= Francina Broese Gunningh =

Dutch cross-dressing woman who served as a soldier

Francina Broese Gunningh, also known as Frans Gunningh Sloet (1783 - 1824), was a Dutch soldier who served in the French, Prussian and Dutch armies.

Gunningh Sloet was born 3 October 1783 in Kampen as the illegitimate daughter of Antje Broese, and worked as a domestic. During a trip back from Paris to the Netherlands, she dressed as a man, which was common for female travelers to avoid harassment during journeys. During the trip, however, she was arrested by the French military police as a suspected deserter after having failed to provide sufficient identifications papers, and was forcibly enlisted in the French army. She deserted, and instead enlisted in the Prussian army. When she was wounded in the chest, her sex was discovered, and she was forced to leave service.

She returned to the Netherlands, and enlisted in the Dutch army. She served in combat during the sieges of Kampen, Coevorden, and Deventer during the War of the Sixth Coalition.

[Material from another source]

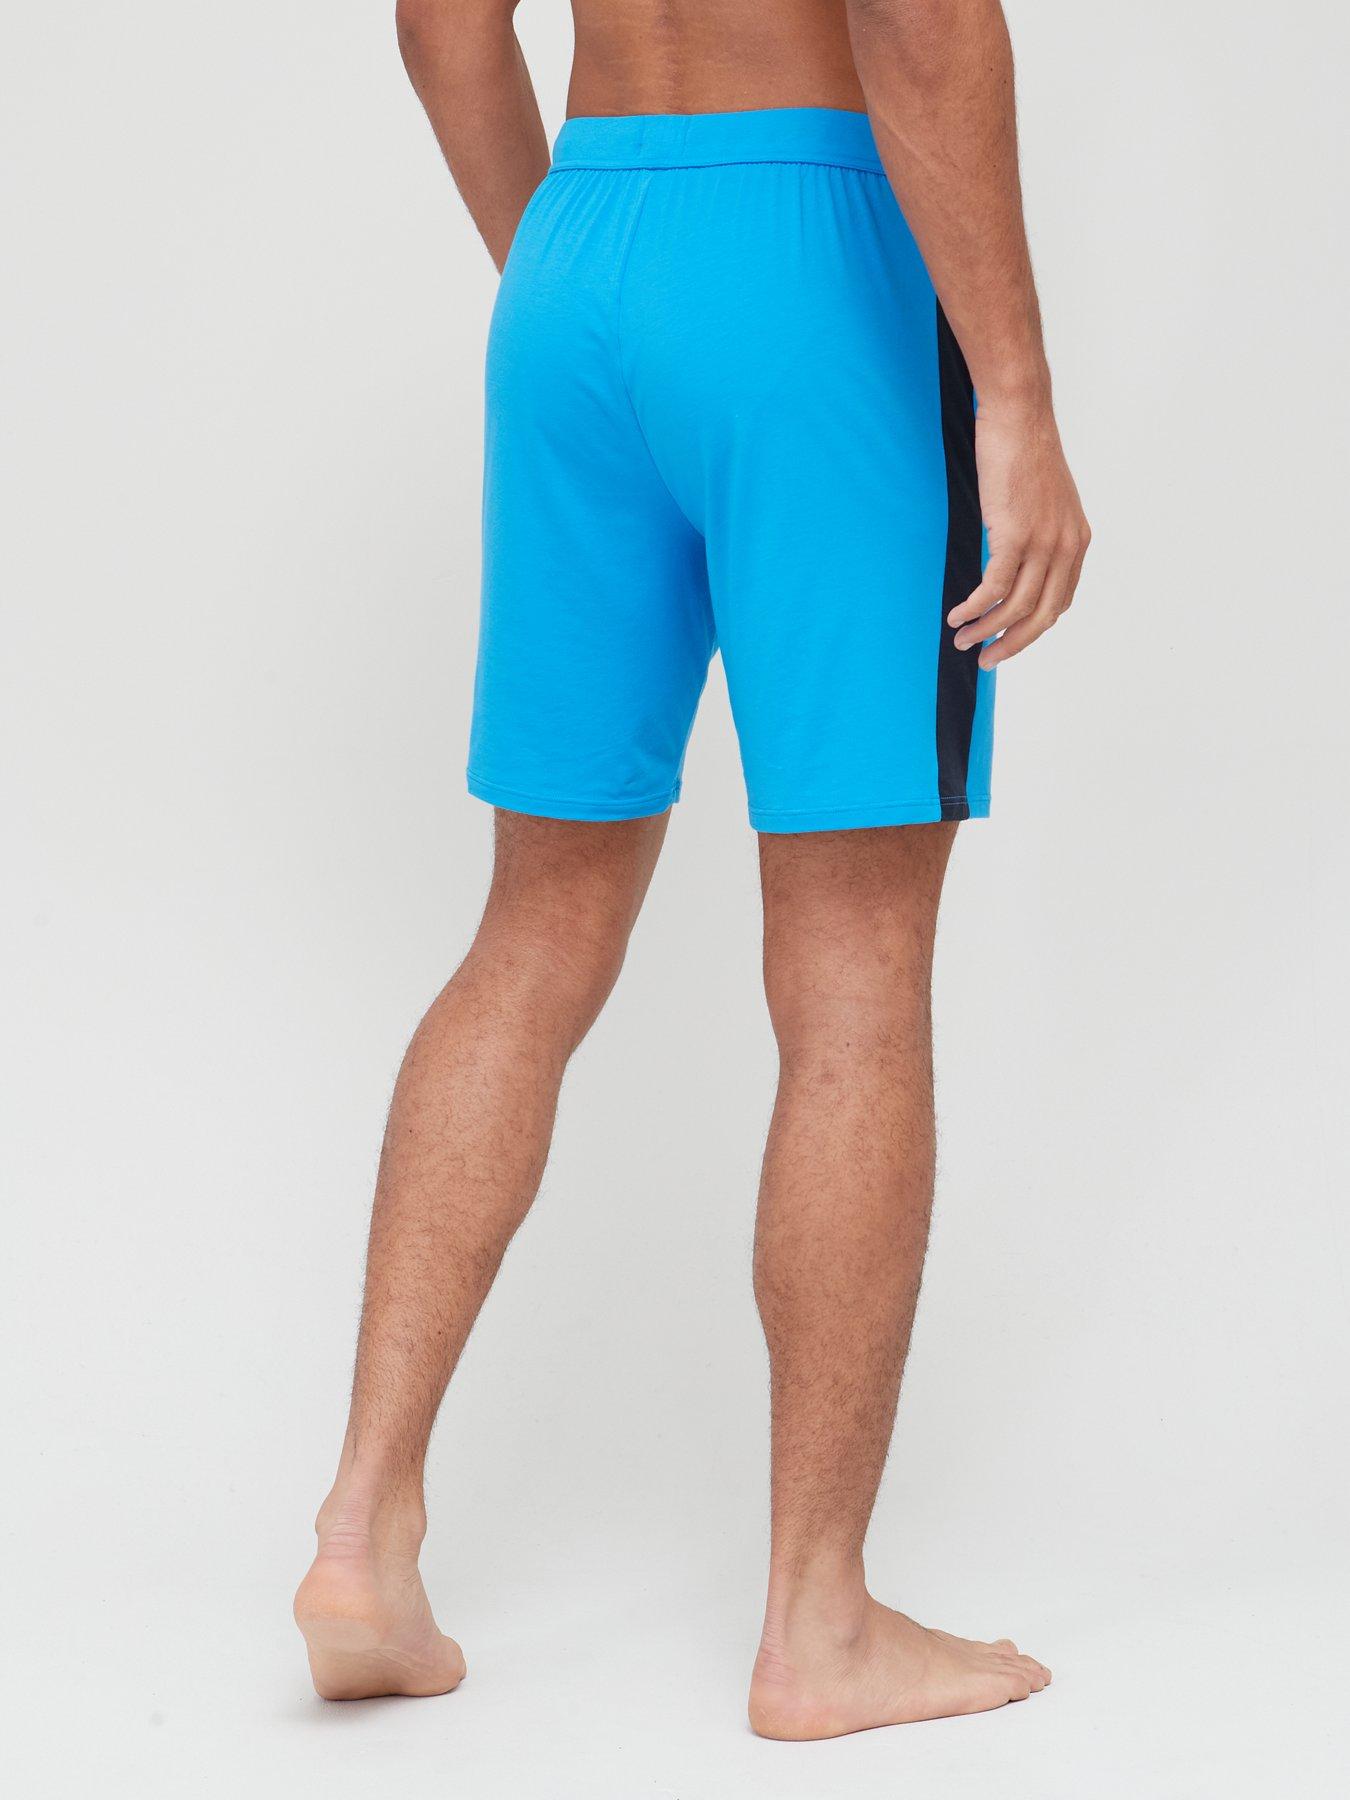  Bodywear Lounge Shorts - Blue

In 1814, she was engaged to be married to Alida Landeel, and added the title "Lord of Amerongen" to her name. She was arrested for using a false noble title, but escaped prison. When she was arrested, she was forced to undergo a medical examination, which revealed her sex. She was sentenced to three years in prison for fraud. She died as the widow of one Mr. Lettener on 16 August 1824 in Edam, North Holland.